Source material START
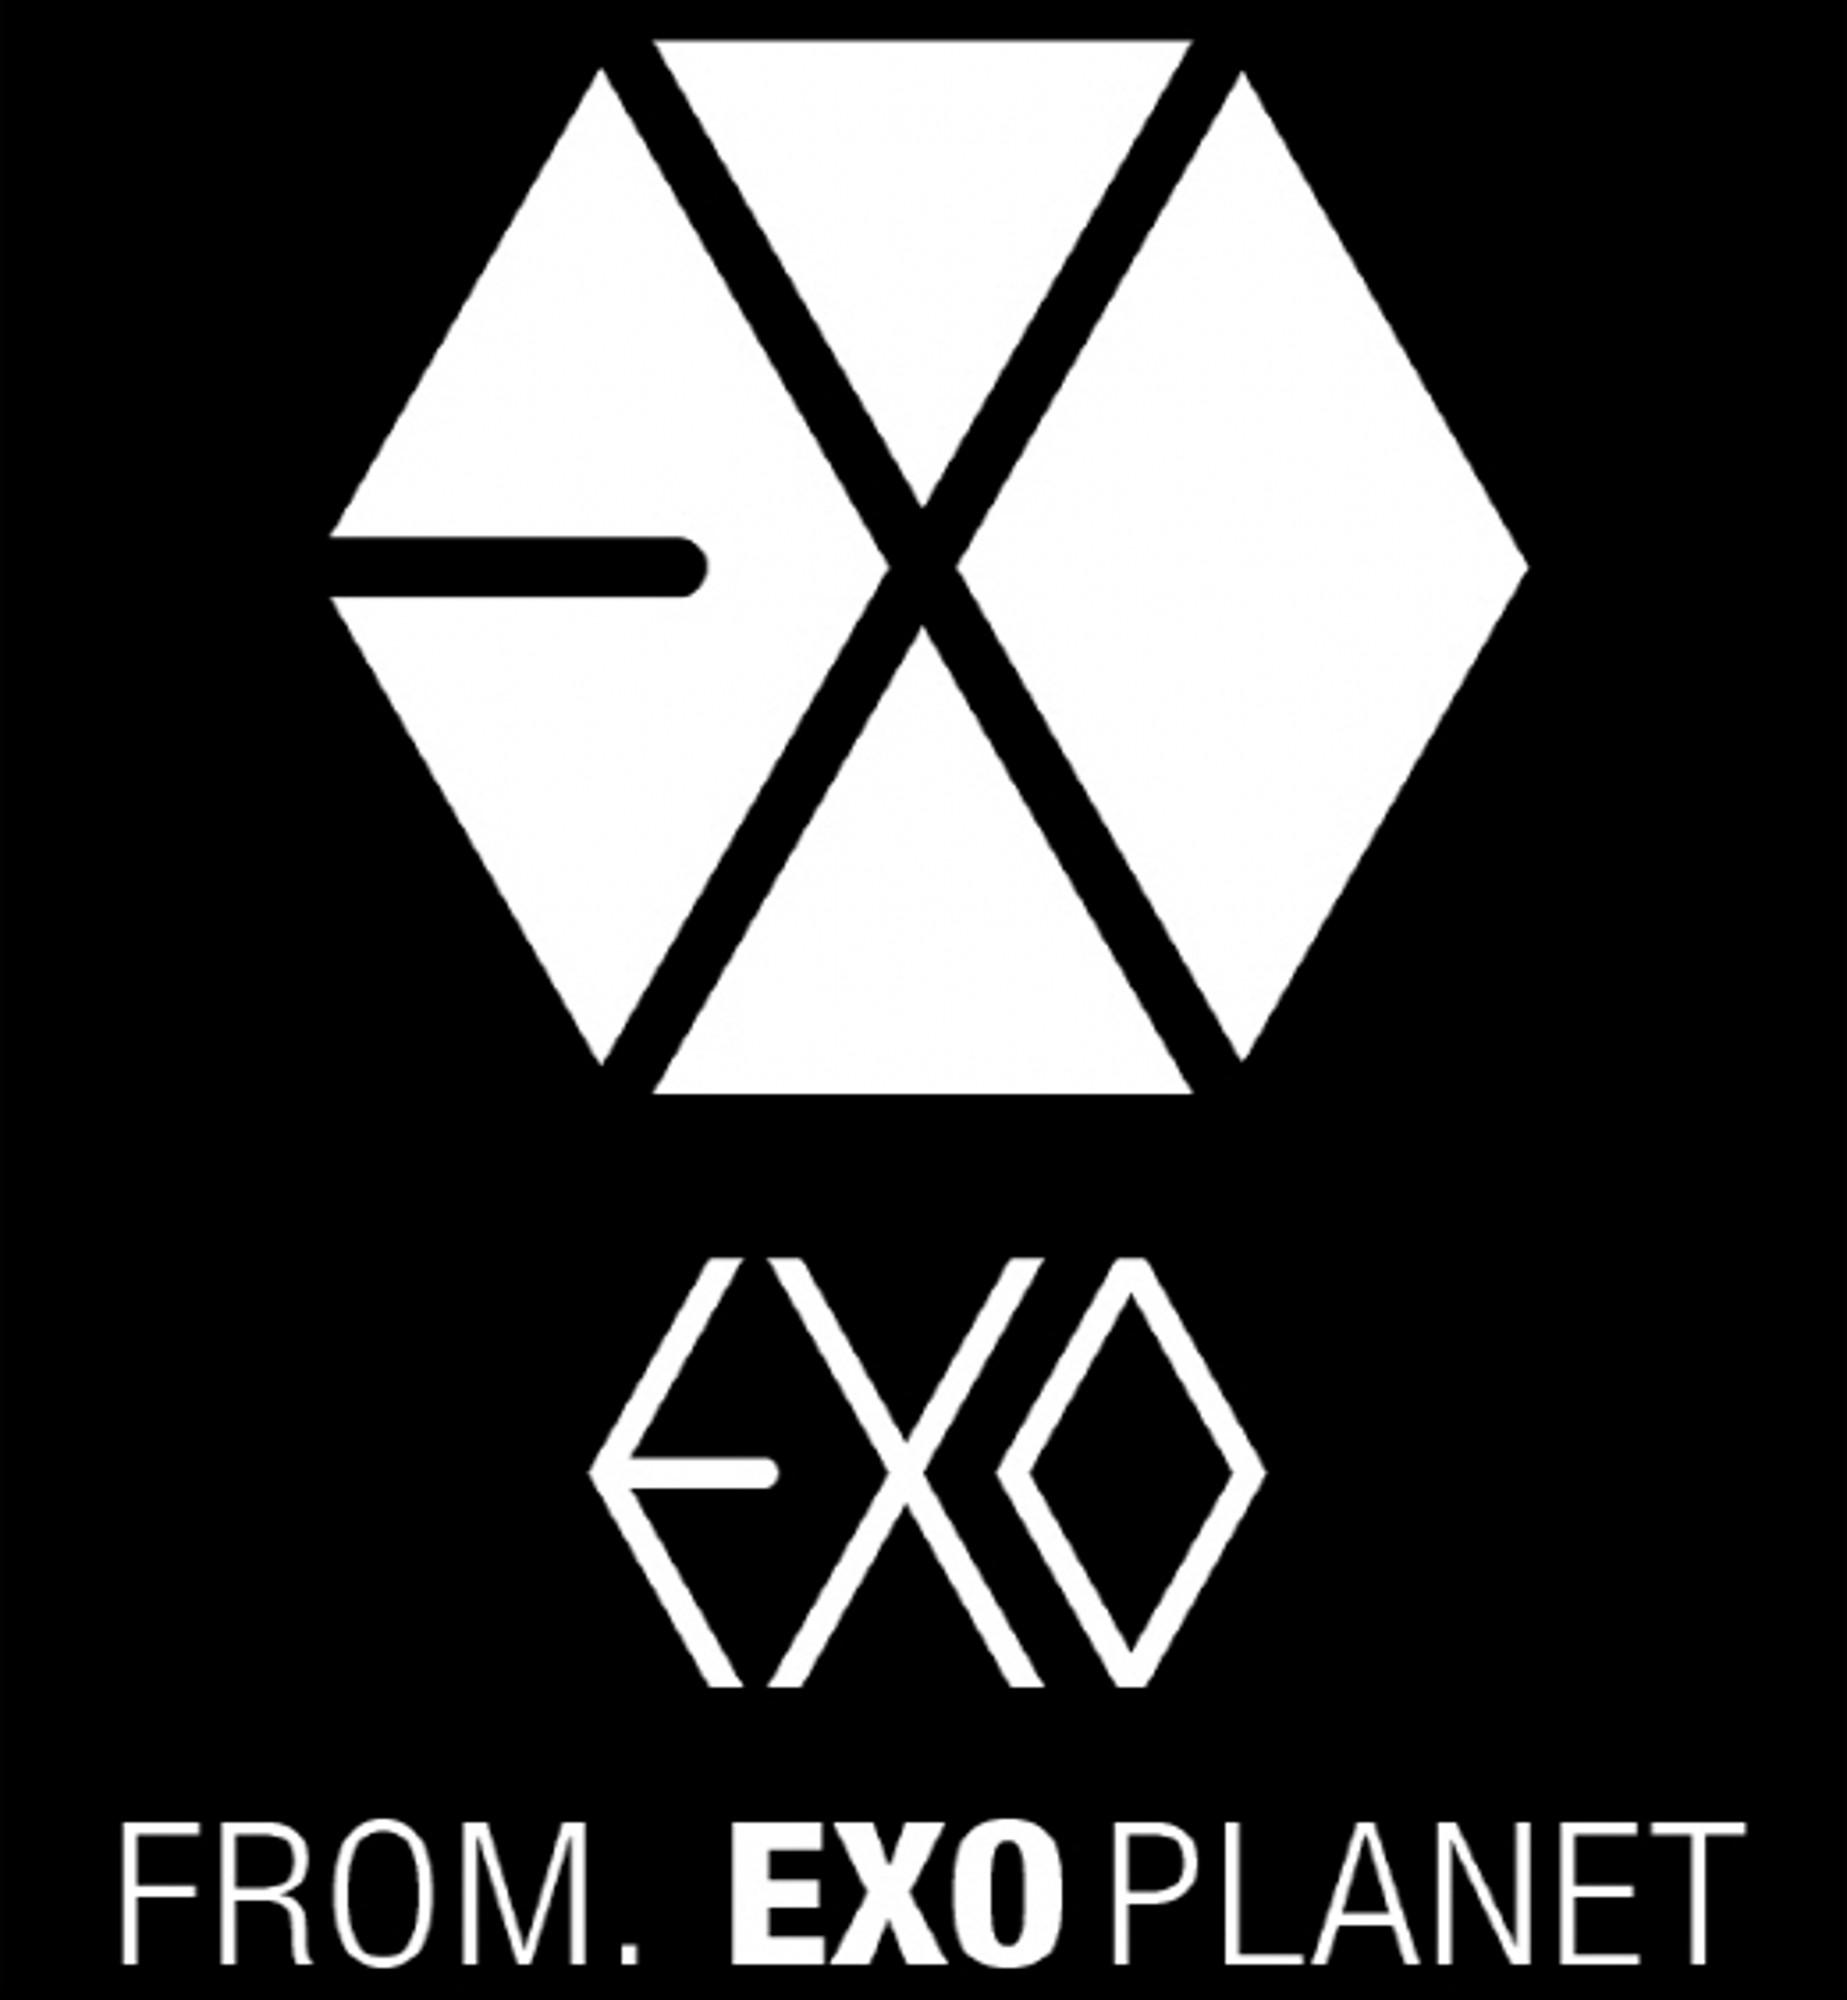 exologo高清_exo这 logo  有没有1847x2000的 高清 大图呢
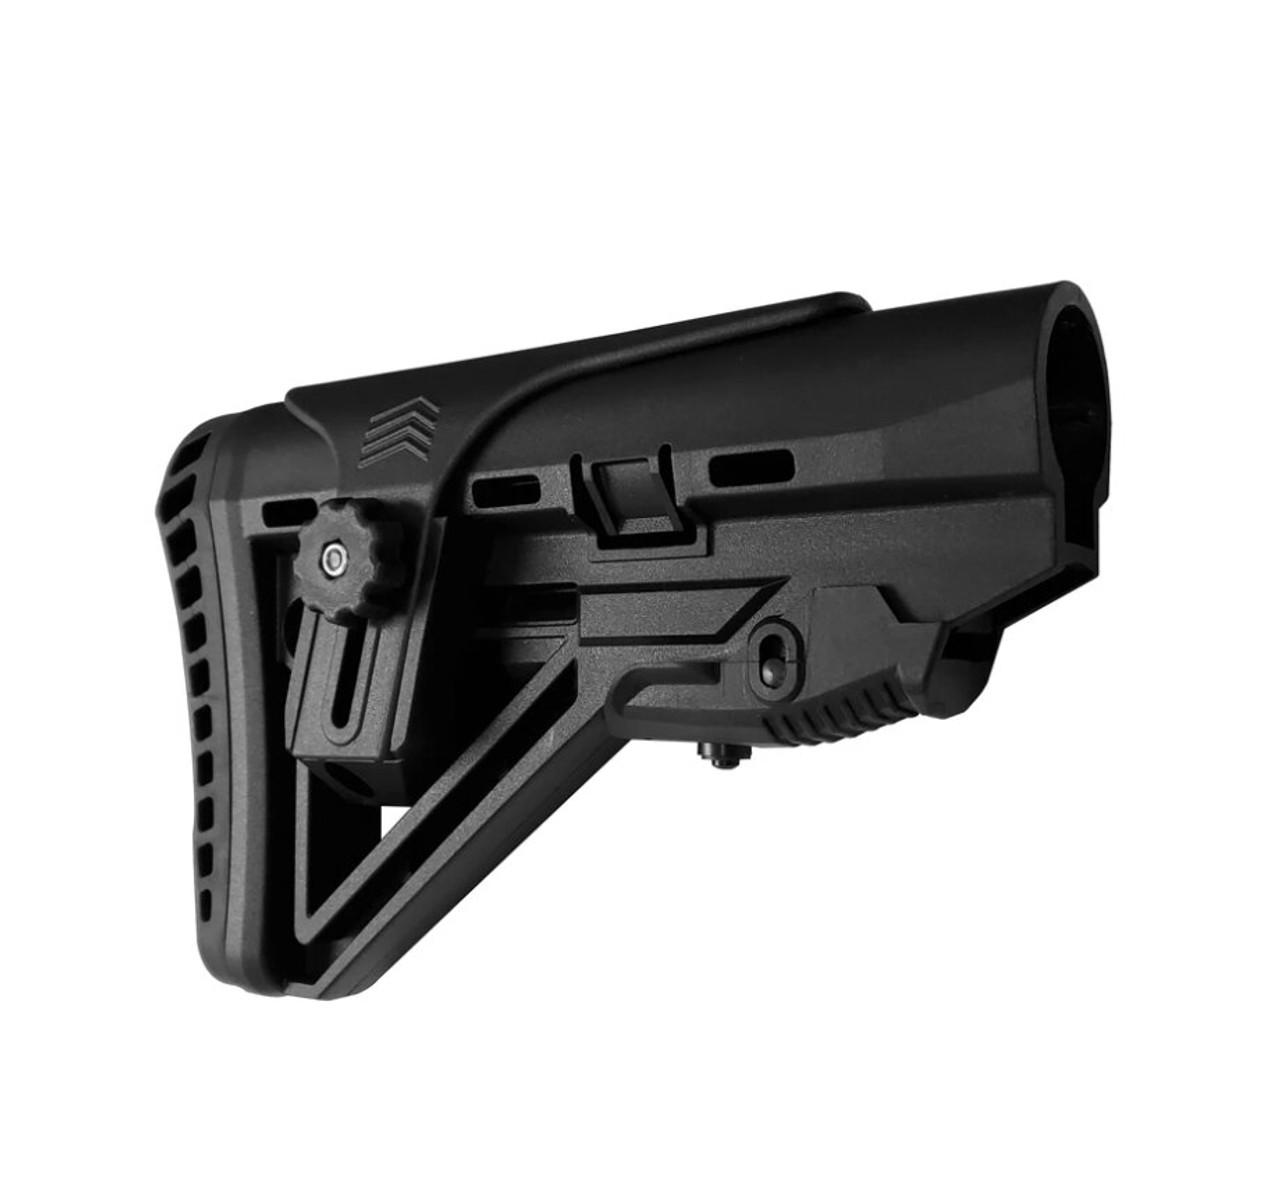 Defender V2 AR Shock Absorbing Stock Kit
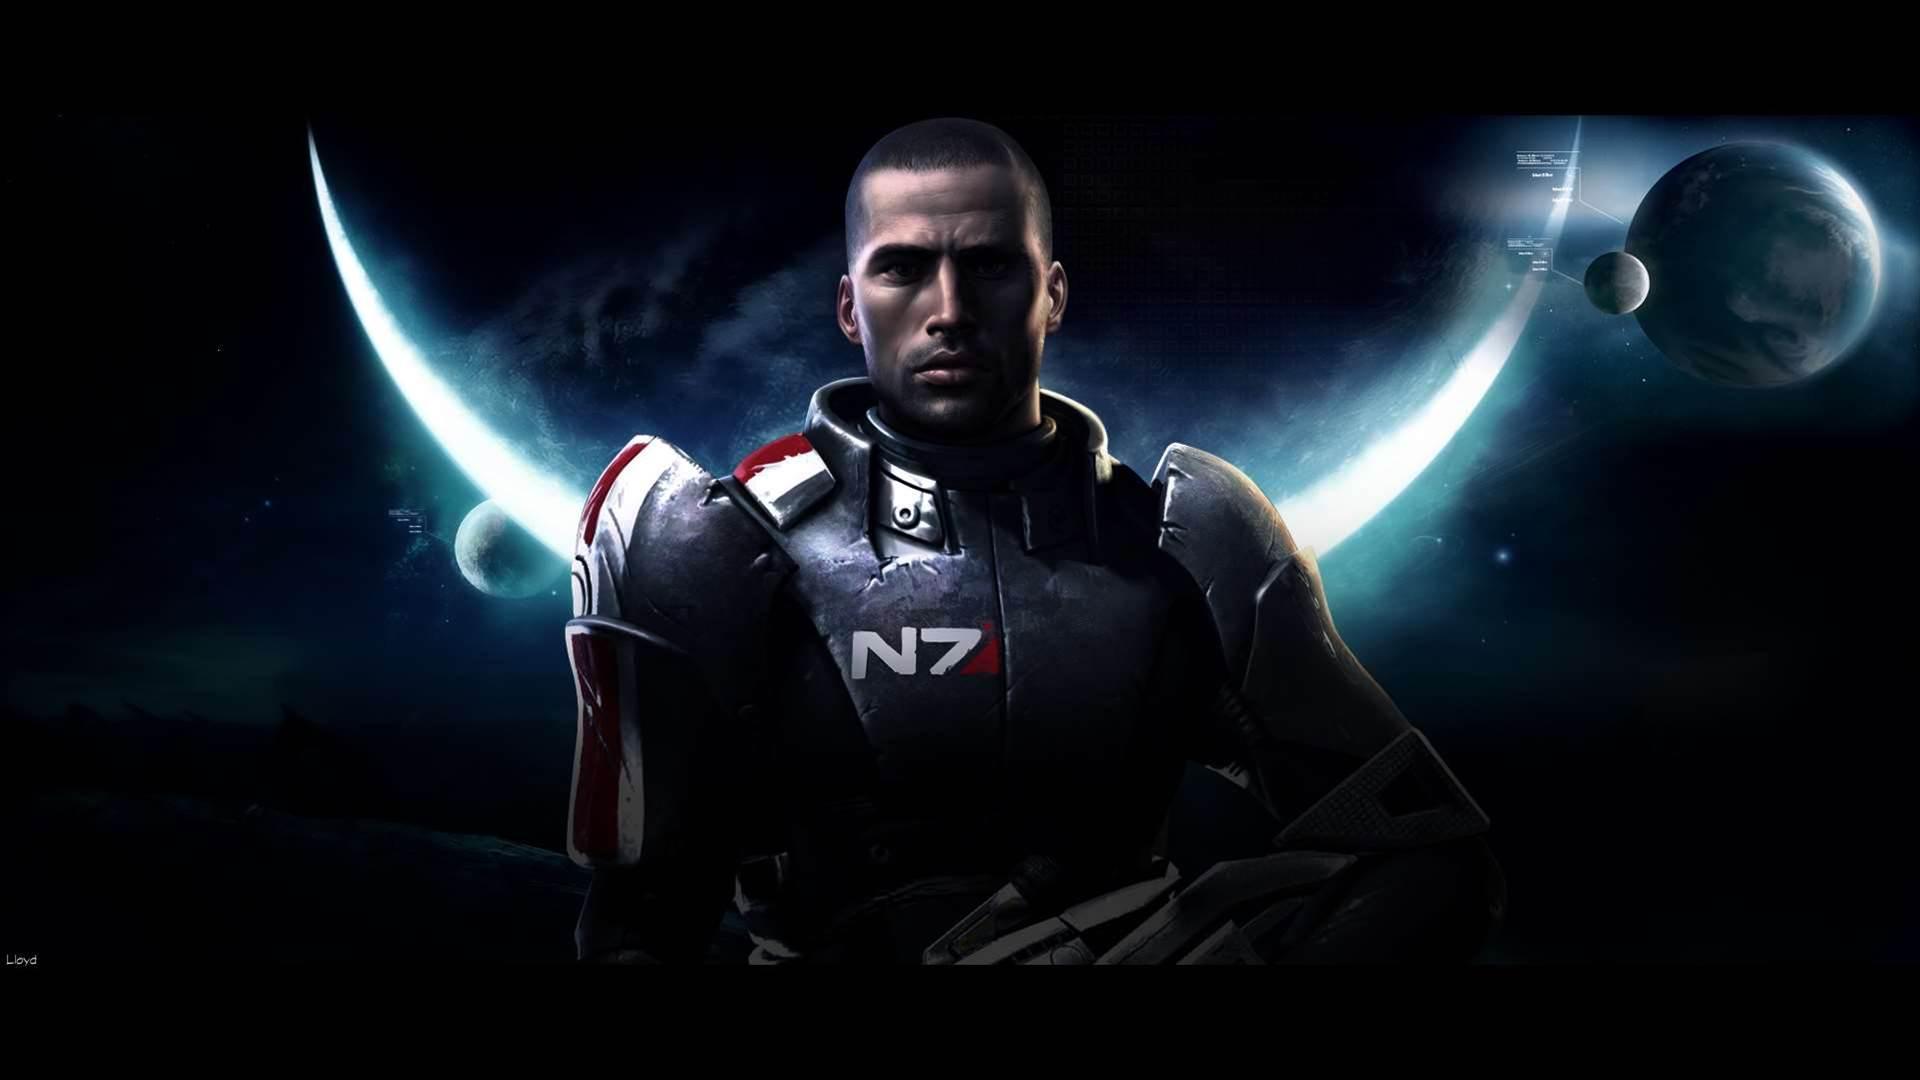 How to make Mass Effect 3 - hands-on + interviews
Source material END
* _Problem_
Copy the data above word for word. Pictures stay out.

* _Result of this task_
 exologo高清_exo这 logo  有没有1847x2000的 高清 大图呢
 Defender V2 AR Shock Absorbing Stock Kit
 How to make Mass Effect 3 - hands-on + interviews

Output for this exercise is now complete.